With a sigh, the Don’s wife looks down at me, eyes darkening for a moment.

“I wanted to ask you about my son,” she says, and my heart contracts. I don’t know anything about Kian, I think, nothing except that my sister loved him enough to immortalize their feelings with a knife. “Grey is …” she continues, pausing again and looking over my shoulder. I realize then that I can hear breathing behind me, harsh and ragged but steady. “He’s always been rebellious, but after Kian was murdered”—there’s a harsh pause here, and we both know the unspoken words she’s not saying—“it got so much worse. And now, I hear that he’s a snitch.”

She circles around me, presumably to look at her son.

They’ve stuck us in here together, their own child with their enemy’s.

How messed up is that?

“I didn’t rat anyone out, Mom,” Grey coughs, his voice ragged but much better than it was when I pulled him out of the cabin. I wonder if this is all a scare tactic for him, if the mafia is actually treating his injuries? That’d be something Cat would do, leave me in a torture chamber just to teach me a lesson. Guess it depends on how much they love Grey … or if they love him at all. “I already told you: Gidget and I knew each other from before, when Kian and Queenie were together.” He coughs again, and when he starts speaking, his voice is dark with determination. “We fell in love, just like they did. I’ve explained this a hundred times.”

My heart thunders in my chest, but I’m not stupid enough to say a word.

Instead, I sit there with my eyes closed, hating how the feeling in my body is returning slowly, in little slices of agony. Look at how much that toe hurts, and that one. I can’t wait to feel my legs again. Getting skinned alive by high-speed pavement, not a good thing.
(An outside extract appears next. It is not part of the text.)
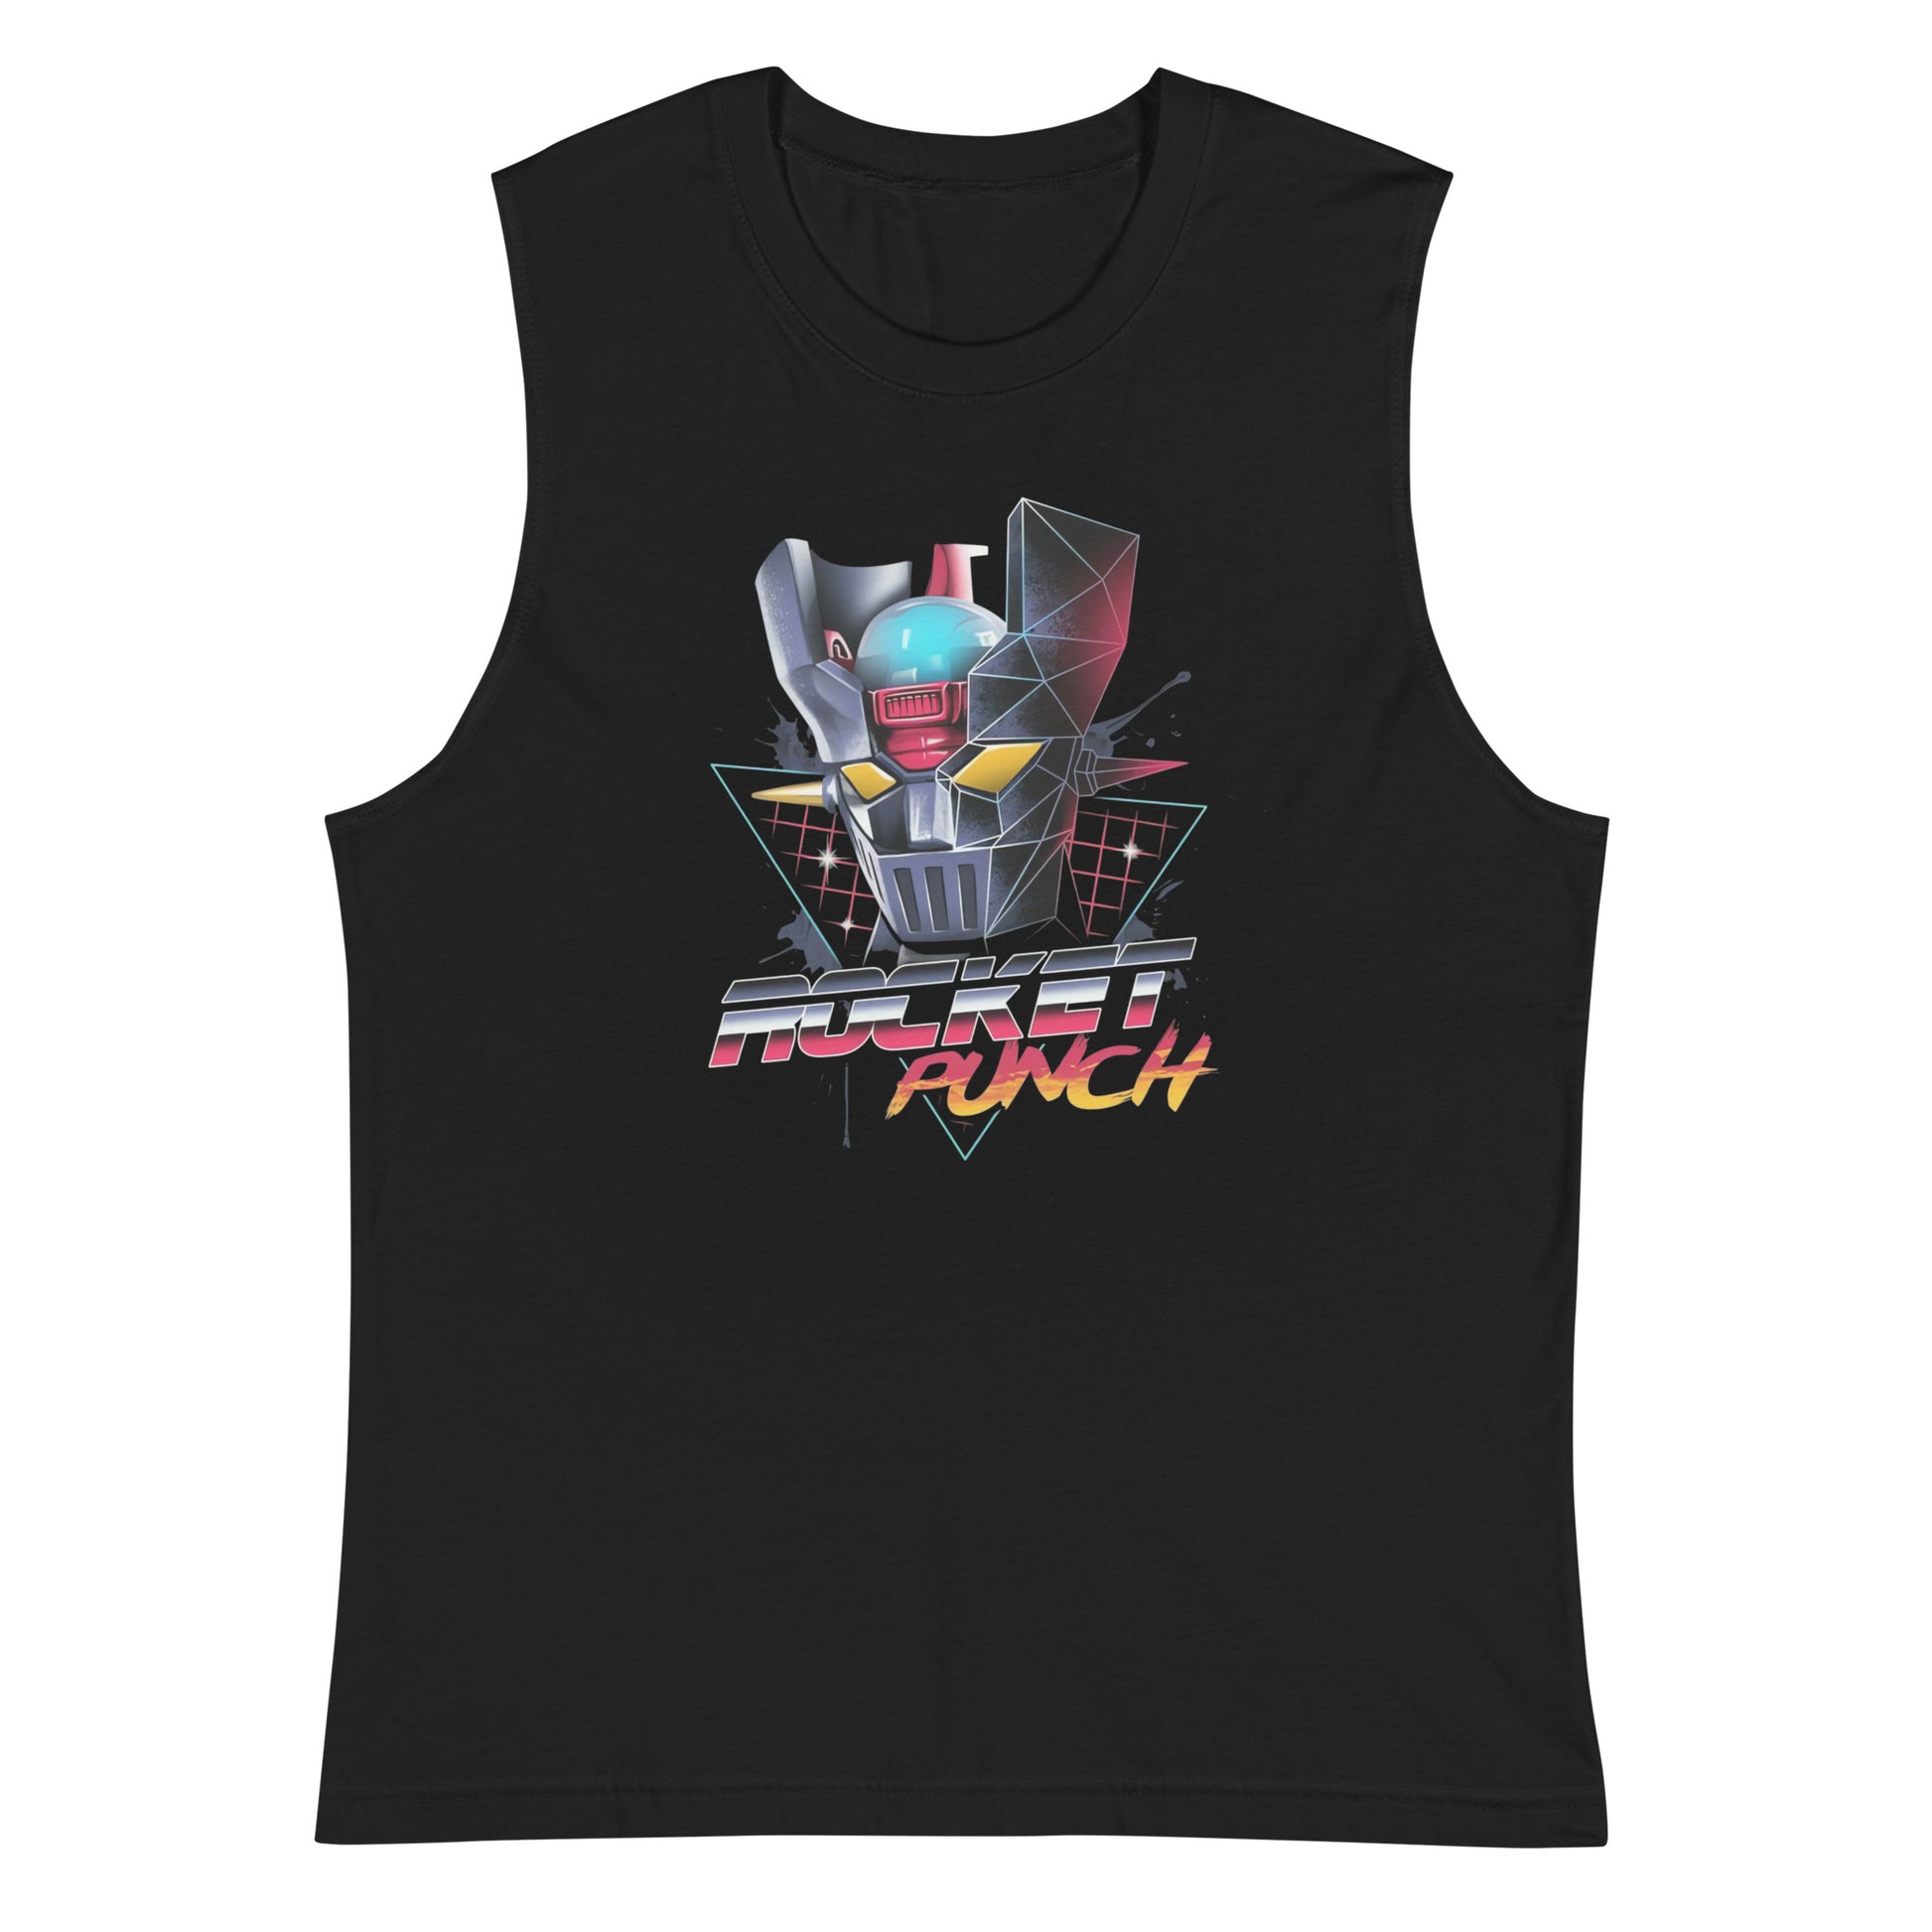 Camiseta sin mangas Rocket Punch, productos de Superstar, encuentra el regalo perfecto en la tienda más genial, con envíos a todo el país.

When I open my eyes again, I can barely stand to look at the pink fleshy patches.

“In love?” Giulia asks, her voice soft and pleasant, but threaded with steel. This is not a woman who’s easily manipulated. “You expect me to believe that?”

“Gidget and I were hiding out in a cabin when they found us. I was only with the club for a few days, and I don’t break that easily.” Grey holds onto this story of his, and I listen carefully. He’s giving me details that I need to memorize. My life depends on it.
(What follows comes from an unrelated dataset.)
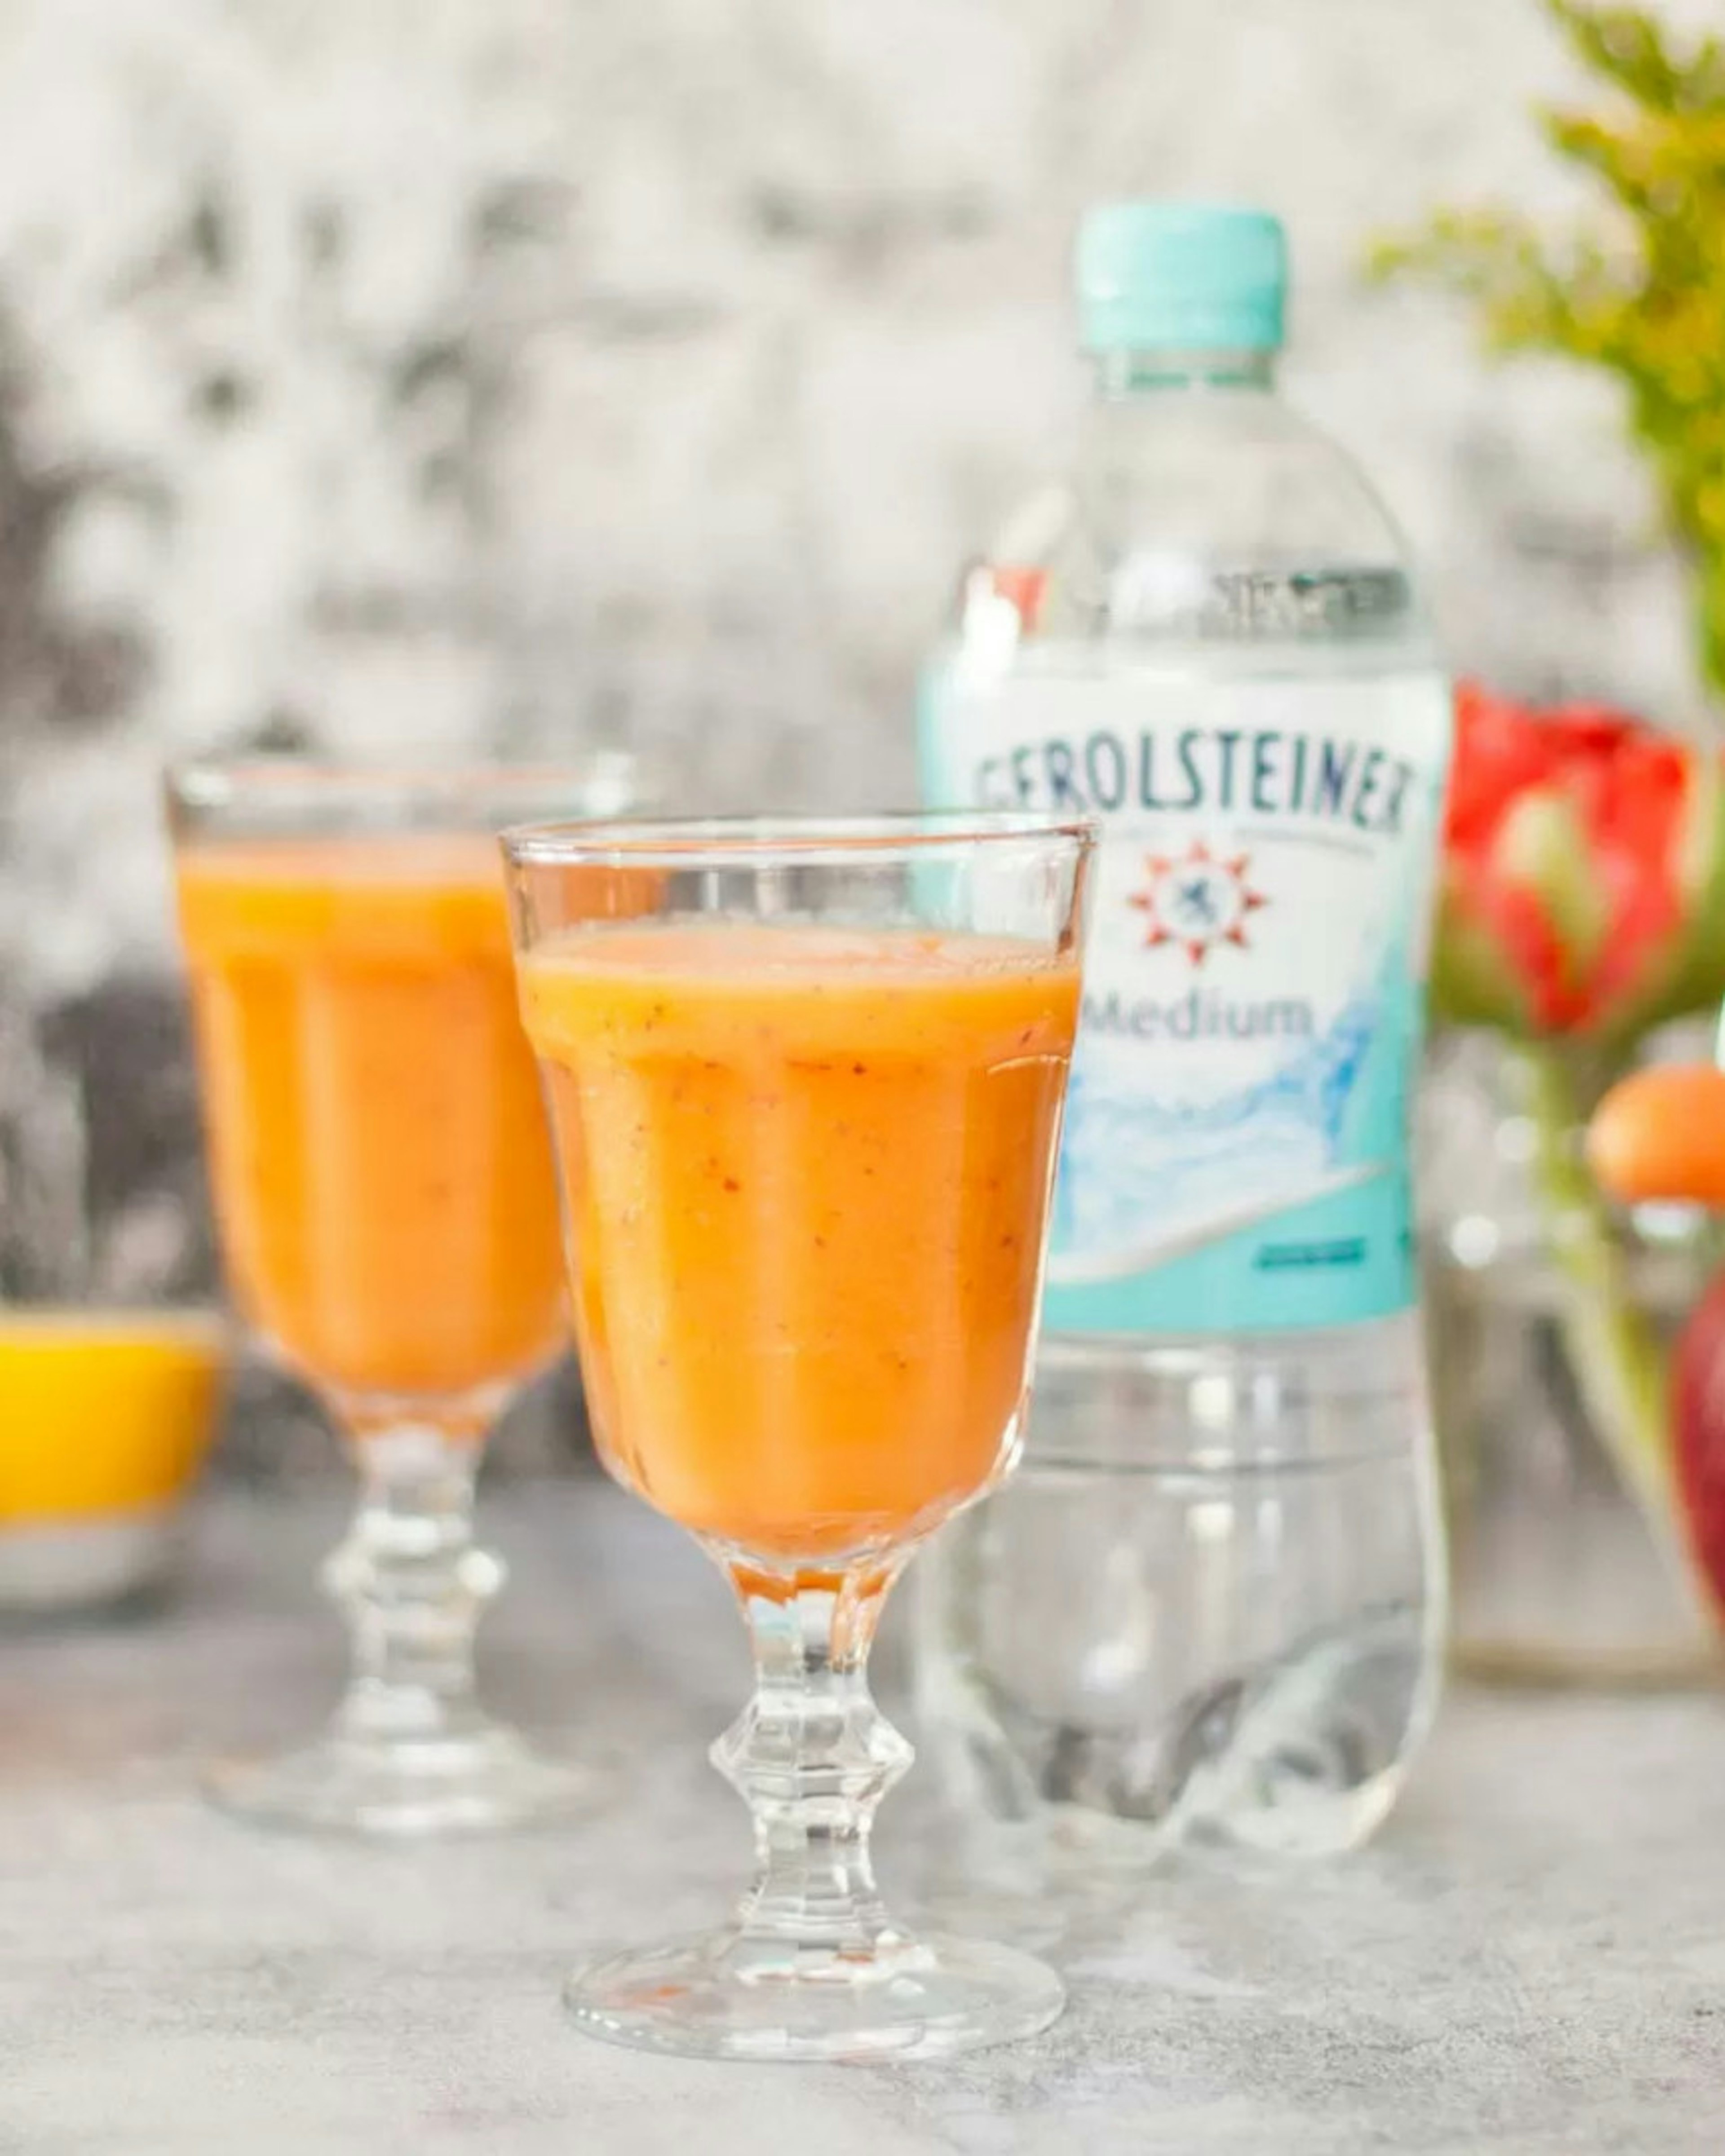 "2 Gläser mit orangenem Smoothie und  Gerolsteiner und Apfel im Hintergrund"

If the Grey Wolfe Mafia thinks I helped spring their heir, I might not die here today.

“Why haven’t we seen a doctor yet?” I ask, trying to play the part. “Grey needs one.”

“He’s seen a doctor,” Giulia continues, still circling us, studying our faces and trying to determine what, exactly, it is that’s going on here. “But we don’t generally waste time on prisoners. You think you’re worthy of care?”

“I love your son,” I lie, my voice thick with conviction, “and I risked my own life to save him. The club will kill me when they find me.” There’s a tremor of fear in my voice that I don’t bother to hide, that I don’t need to fake. That, that’s one hundred percent the truth.